One Blogger's Copyright Confrontation

Duane Lester of All American Blogger is one victim of copyright violation who refused to ignore a specific instance of copyright violation. When a local newspaper printed a story on May 10, 2102, Duane realized the text was copied verbatim from a blog post he wrote on May 1, 2012 -- right down to the typos. A word was deleted from the headline, and an extra paragraph was tacked on at the end of the printed article, but aside from those edits, it was his exact article. One that he spent time and effort researching, writing, and publishing.Had the newspaper hired someone to write an article on the piece of news, a fee would certainly have been paid. Not only were Duane's rights violated, but the newspaper made money selling that paper with his stolen article in it and they didn't have to pay anyone to write it. You can see his original post and the newspaper article on All American Blogger.Tired of seeing his work stolen, Duane tweeted his story to @AskACyberLawyer, who told Duane to give the newspaper a letter of copyright assertion and a bill.

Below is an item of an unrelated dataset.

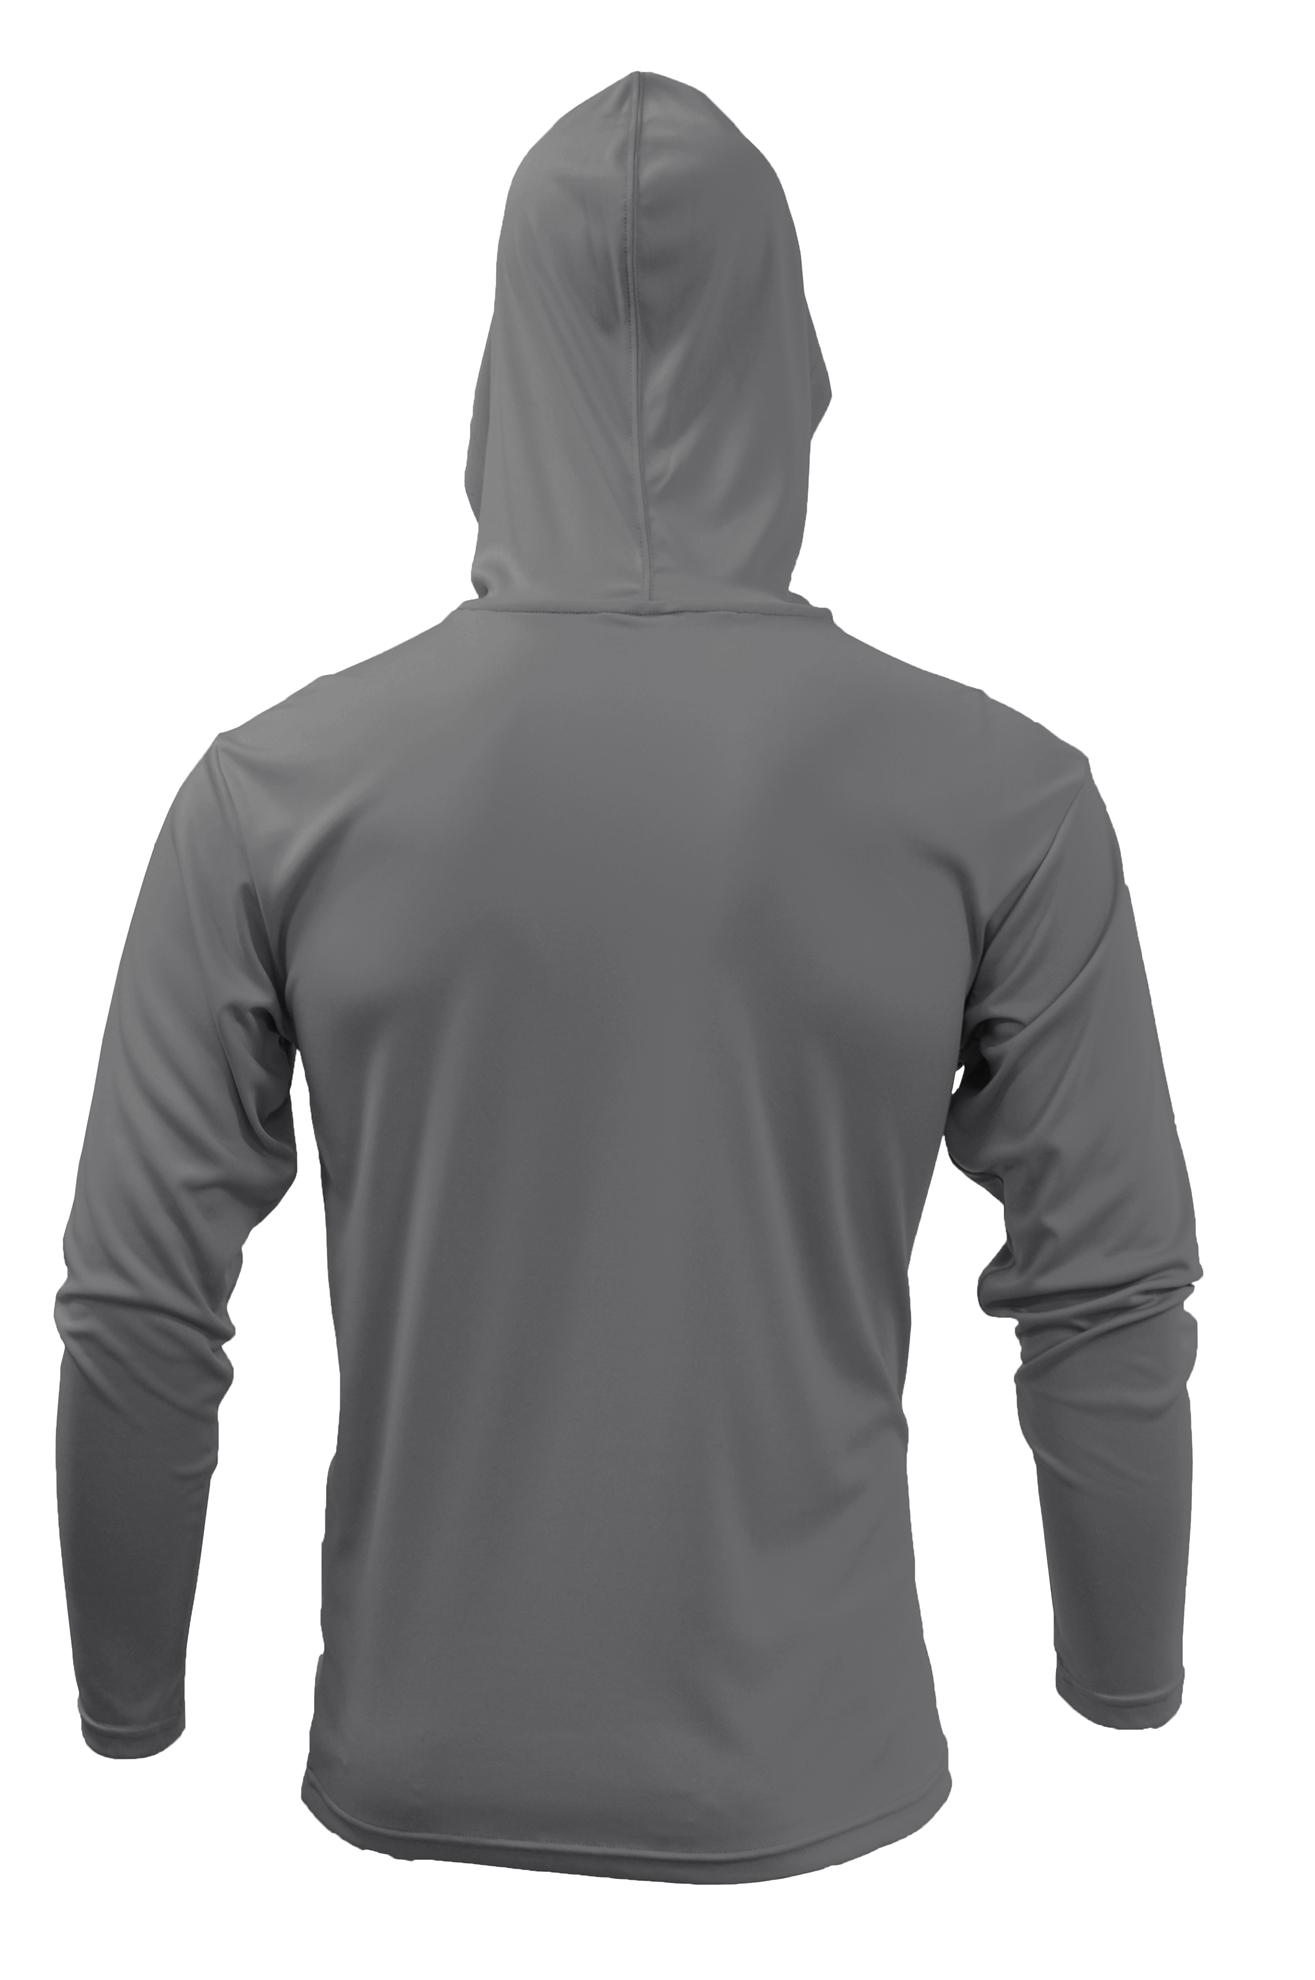 BAW Athletic Wear DT86 - Men's Dry-Tek Long Sleeve Shirt $9.75 - T-Shirts

You can see the letter below.Assertion of Copyright

Duane followed the instructions and took the letter and a bill for $500 (a reasonable fee) to the newspaper's editor. He brought a video camera and recorded the confrontation to demonstrate what writers have to go through to protect their work. You can see the video below. The newspaper editor, Bill, isn't surprised by the accusation at all, but he's not happy about paying $500 for Duane's work. Notice at the end of the video where he writes an expletive describing his feelings in the memo section of the check. The woman in the video goes so far as to say at the 5:20 mark, "You're gonna make a fast $500."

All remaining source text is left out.